Tests: 75 → 80. New coverage:
- detect() vendor-string matrix: kimi-cli / kimi-code / moonshot accepted,
  unrelated "kimi keyboard input manager" rejected
- isProcessRunning rejects `cat kimi.log` / `vim ~/.kimi/config.toml`
- isProcessRunning accepts `python -m kimi`
- Native signal falls back to UUID-dir mtime during the empty-bucket race
- Symlinked workspace path matches the realpath-hashed bucket

Verified end-to-end against real kimi-cli 1.38.0:
- detect() → true (via `kimi info` vendor match)
- getSessionInfo → correct summary + UUID
- getRestoreCommand → matches kimi's own resume hint

* fix(plugin-kimicode): address inline review from illegalcall

Addresses all 10 inline comments on PR ComposioHQ#1390.

Load-bearing fixes:

[#6 line 327] detectActivity ordering was wrong
  The old code checked the idle prompt (`^kimi>\s*$`) before approval/error
  patterns. Real kimi UI re-renders `kimi>` on the last line when asking for
  a confirmation, so \`(Y)es/(N)o\\nkimi>\` was misclassified as idle and the
  session would sit forever looking quiet while actually blocked on input.
  Reordered to: waiting_input → blocked → idle → active. Matches codex/aider.

[#2,#4,#8 lines 128,154,493] No stable AO↔Kimi session binding
  Discovery was pure (path-hash + recency). If the user ran kimi manually in
  the same repo, or two AO sessions shared a workspace hash, AO would attach
  to the wrong UUID — summary / activity / --resume target all corrupted.
  Now:
   - \`session.metadata.kimiSessionId\` pins a specific UUID when set; no
     fallback to recency when the pin misses (fails closed, no silent drift).
   - Unpinned lookups filter UUIDs by \`liveMtime >= session.createdAt - 60s\`
     so stray dirs from prior AO sessions don't attach.
   - findKimiSessionMatch now takes the whole Session (not just workspacePath)
     so createdAt + metadata are available.

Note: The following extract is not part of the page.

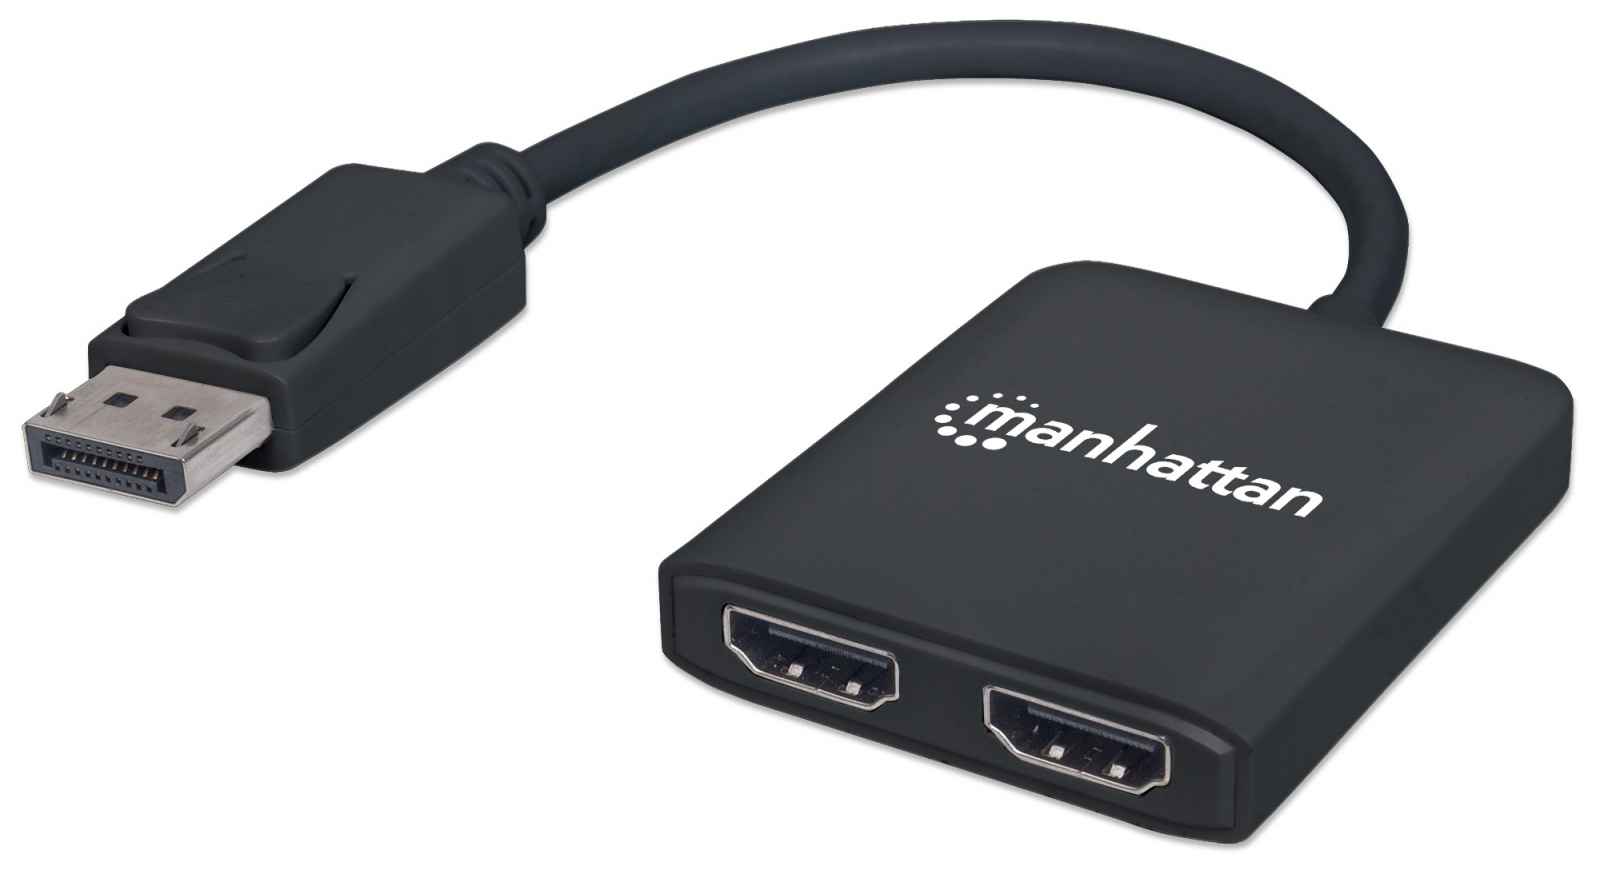 Manhattan Hub MST - de DisplayPort a 2 puertos HDMI (152716)

[#3 line 141] Any recent subdir was treated as a real session
  Stray temp dirs and crash leftovers would match on mtime, producing
  \`kimi --resume <garbage>\` and bogus active states. Now require
  context.jsonl OR wire.jsonl to exist before trusting a dir. The race
  fallback (empty UUID dir → dir mtime) is removed — the JSONL activity
  fallback in getActivityState covers the startup window instead.

[#5 line 191] Symlink follow outside ~/.kimi/sessions/
  \`stat()\` / \`createReadStream()\` followed symlinks without rebinding, so
  a bucket entry that's a symlink to \`/dev/zero\` or \`/etc/passwd\` would
  hang forever or leak data. Added \`isInsideKimiSessions(path)\` that realpaths
  the candidate and rejects anything outside the sessions root. Every
  bucket entry is checked before use.

Smaller cleanups:

[#1 line 89] Cache: 30s negative TTL + unbounded growth
  Negative results now cached 2s so a session appearing mid-poll is picked
  up on the next cycle. Expired entries evicted on read. Cache capped at
  256 entries with oldest-expiry pruning. Key changed to (workspacePath,
  pinnedUuid) so two AO sessions in the same bucket can't poison each
  other's cache entry.

[#7 line 440] Duplicate argv0Re regex — use the const.

[#9 line 532] maxBuffer: 4096 → 65536. Future \`kimi info\` releases that add
  plugin listings or telemetry banners won't silently break detect() with
  swallowed ENOBUFS.

[#10 test line 650] macOS test breakage: /var/folders is a symlink to
  /private/var/folders, so fakeHome under tmpdir() is a symlink path, while
  the plugin realpaths before hashing. Wrap the mkdtempSync in realpathSync
  so tests agree with the plugin on the canonical path. Linux CI masked this.

Tests: 80 → 86. New coverage:
  - detectActivity classifies confirmation-then-prompt-rerender as waiting_input
  - detectActivity classifies error-then-prompt-rerender as blocked
  - createdAt floor filter (ignores UUIDs from before the AO session)
  - Pinned kimiSessionId wins over recency
  - Pinned UUID missing returns null (no silent fallback)
  - Negative cache TTL ~2s (session appearing mid-poll picked up next cycle)
  - Empty UUID dir without live files is rejected (no stray-dir attach)

Verified end-to-end against real kimi-cli 1.38.0: detect() true,
getSessionInfo extracts correct summary + UUID, getRestoreCommand matches
kimi's own resume hint.

* fix(plugin-kimicode): use kimi.json for workspace mapping and add --work-dir

Read ~/.kimi/kimi.json work_dirs[] as the authoritative workspace-to-session
mapping. When last_session_id is populated, prefer it over the directory-mtime
recency heuristic — kimi itself wrote it. Falls back gracefully to the existing
MD5 hash scan when kimi.json is absent or last_session_id is null.

Add --work-dir to getLaunchCommand using projectConfig.path to establish an
explicit cwd contract, preventing shell-rc / tmux-hook drift from causing the
MD5(cwd) hash to diverge from kimi's session bucket.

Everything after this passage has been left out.